# Exercise prompt
Nothing but an exact repeat of the data, with pictures removed, belongs in the answer.
*** Opening Dataset section ***
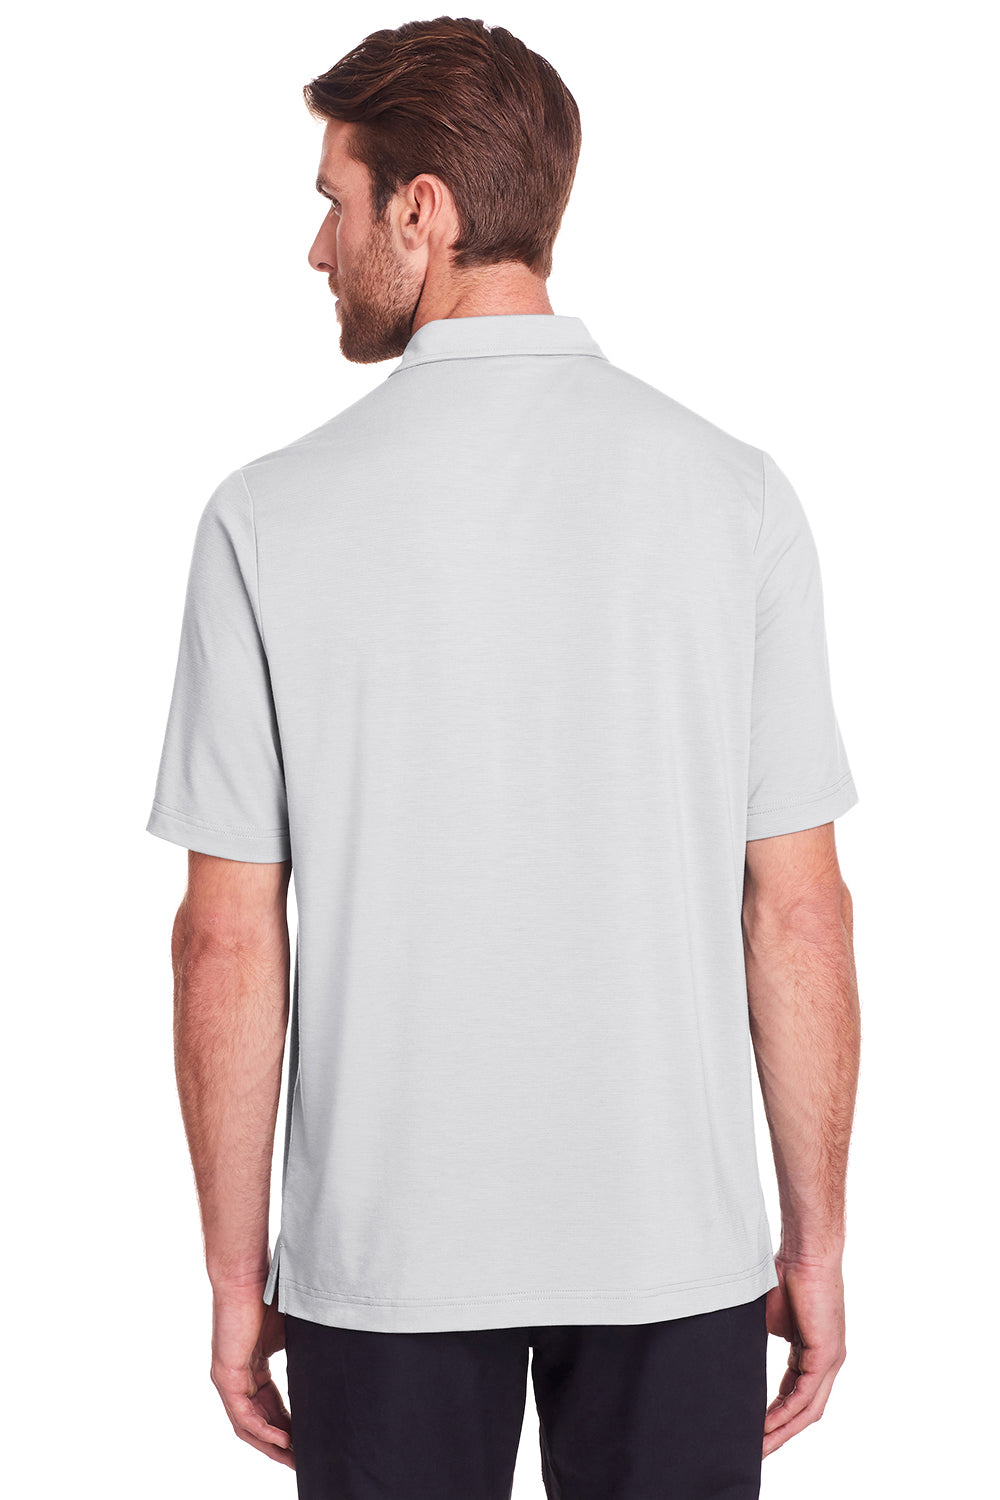 North End NE100 Mens Jaq Performance Moisture Wicking Short Sleeve Polo Shirt Platinum Grey Back
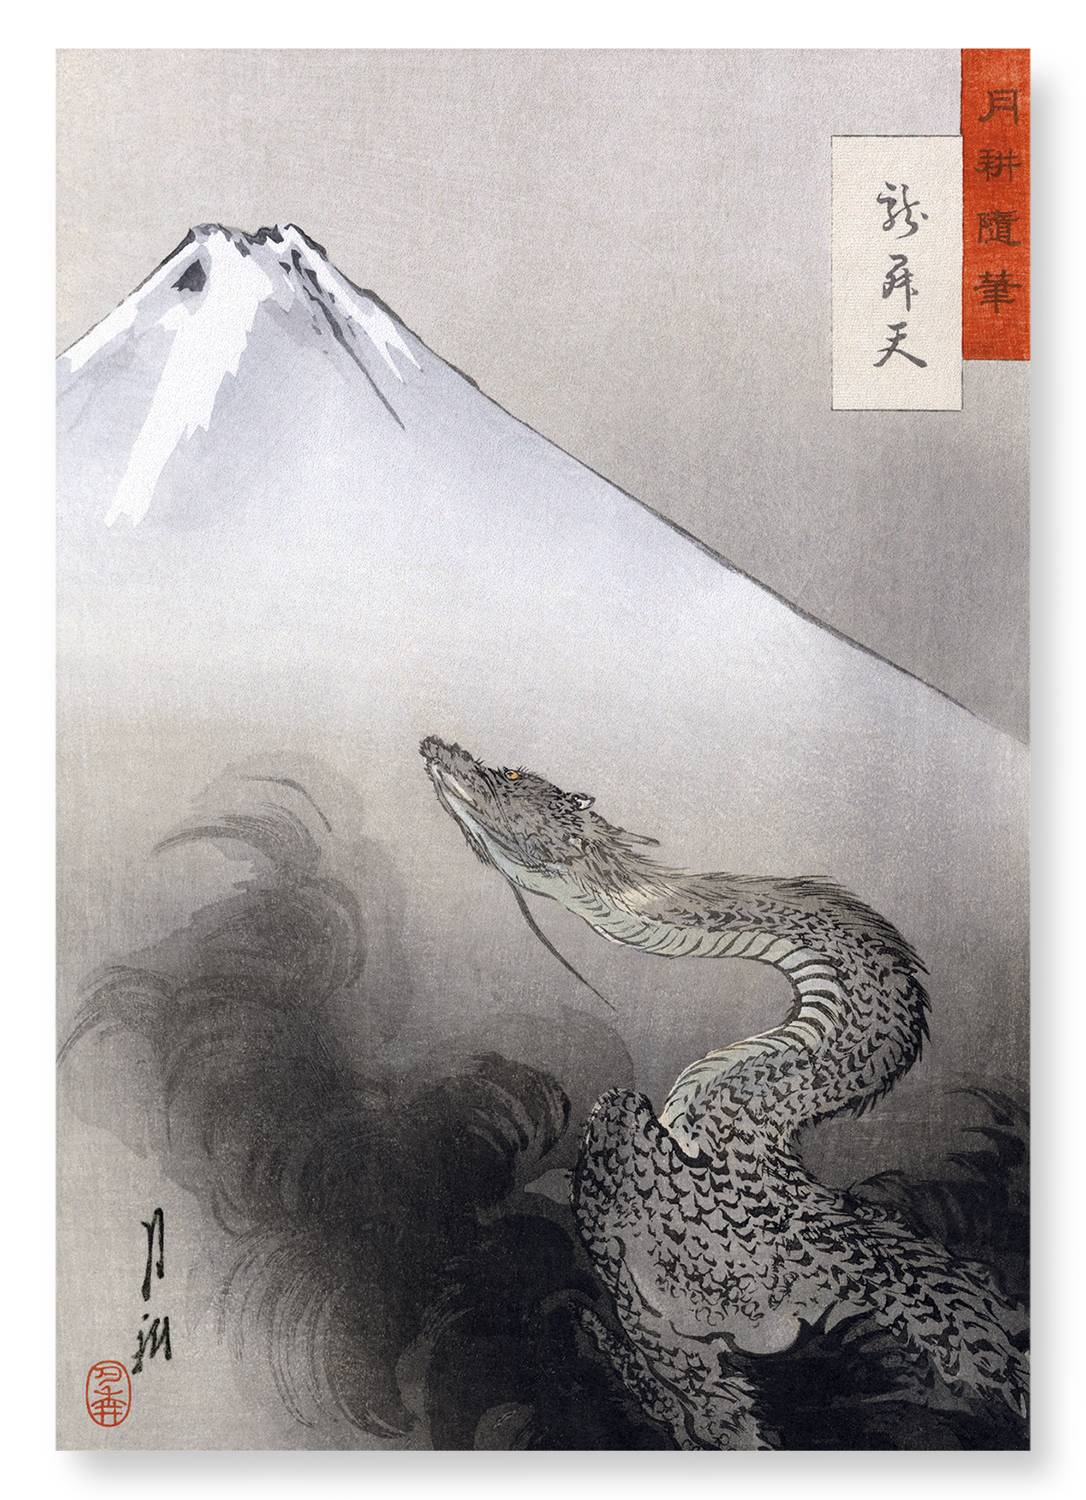 DRAGON RISING: Japanese Art Print
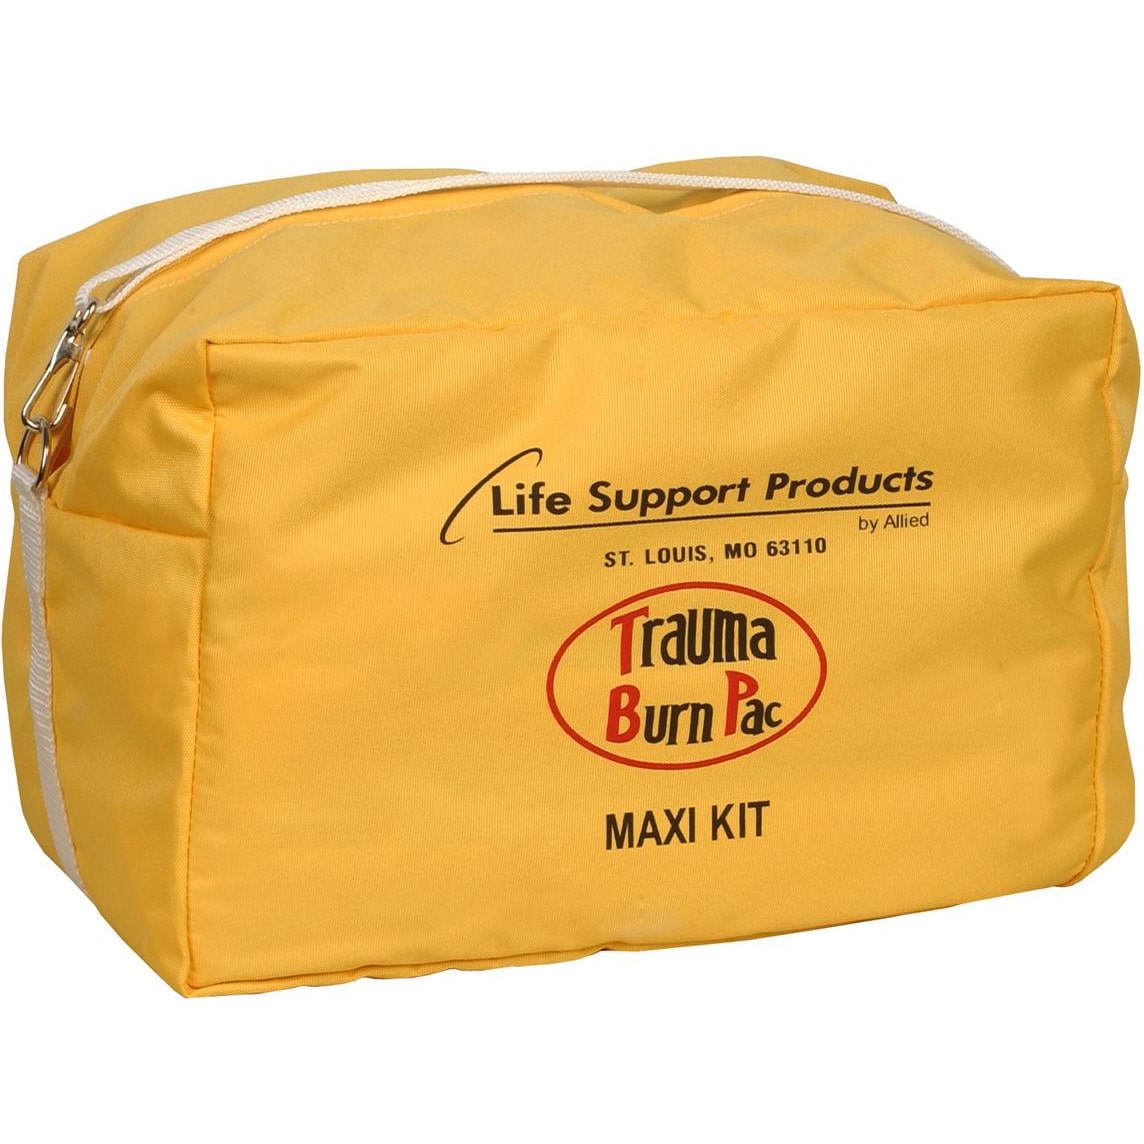 Allied Healthcare Trauma/Burn Kit Carry Bag - For Maxi Kit
*** Closing Dataset section ***
# Your response
 North End NE100 Mens Jaq Performance Moisture Wicking Short Sleeve Polo Shirt Platinum Grey Back
 DRAGON RISING: Japanese Art Print
 Allied Healthcare Trauma/Burn Kit Carry Bag - For Maxi Kit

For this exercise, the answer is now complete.